XML News from Wednesday, August 4, 2004

I've installed a server side spam filter. Hopefully this will bring my e-mail load down to a manageable level, even when I'm on a low-speed connection or accessing my e-mail via pine. On the flip side, even though it's set to a very conservative level, it's now more likely that I'll miss a few messages since it's much harder to check my spam folder on the server than on the client. If you send something important to me, and you expect a response and don't get it, it might be worth contacting me in some other way. It's funny how dependent we've become on e-mail. John Cowan and I are in the same building for a few days (a relatively rare event) and we're still trading e-mail with each other while tracking down a buggy interaction between XOM and TagSoup.

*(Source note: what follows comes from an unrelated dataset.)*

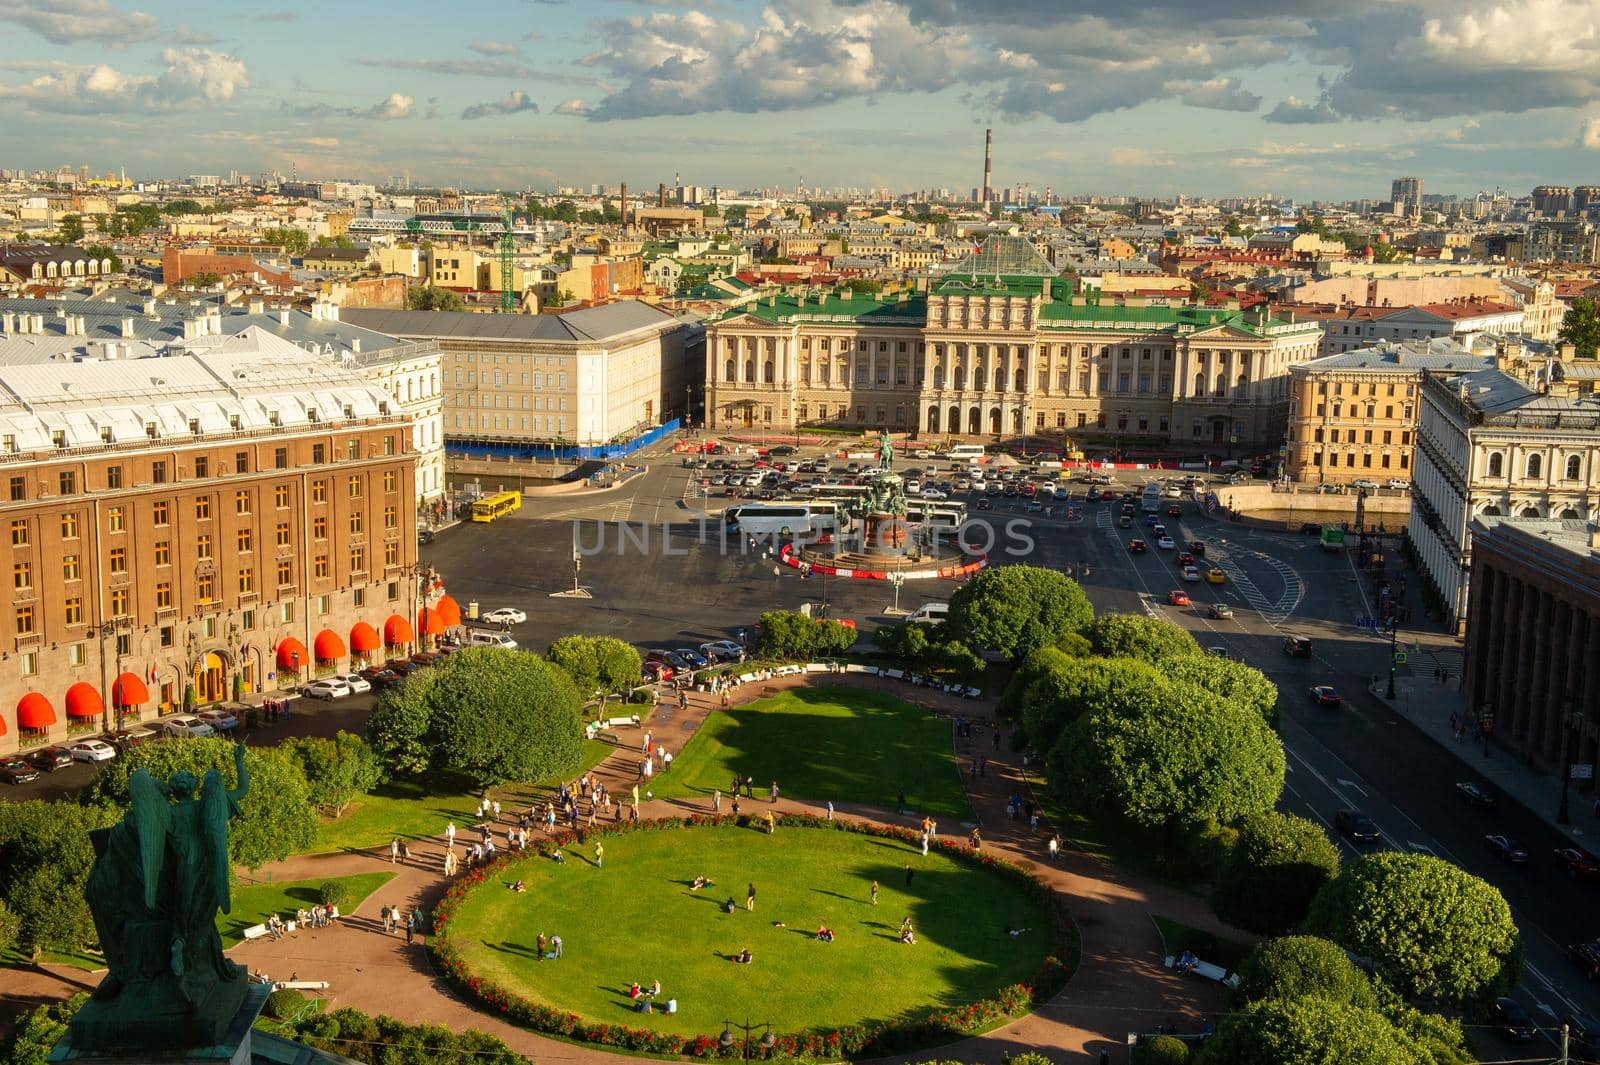 The St. Petersburg arial panorama with old historical streets and buildings is visible from the top of St. Isaac's Cathedral. Saint-Petersburg

Murphy's Law strikes again. Five minutes after I wrote the last entry, I'm at the coffee break and John Cowan comes up to me and says, "I got your e-mail but I didn't understand it. What did you mean?" We straightened it out quickly. Sometimes it pays to be physically present. :-)

The second day of Extreme Markup Languages 2004 began with Ian Gorman's presentation on GXParse, about which I'm afraid I can't say too much because I was busy getting ready for my own presentation on XOM Design Principles which was, I'm happy to say, well received. The big question from the audience was whether Java 1.5 and generics changed any of this. The answer is that XOM needs to support Java 1.4 (and indeed 1.3 and 1.2) so generics are not really an option. If I were willing to require Java 1.5 for XOM, the answer might be different. Still it might not be because the lack of type safety in generics is a big problem.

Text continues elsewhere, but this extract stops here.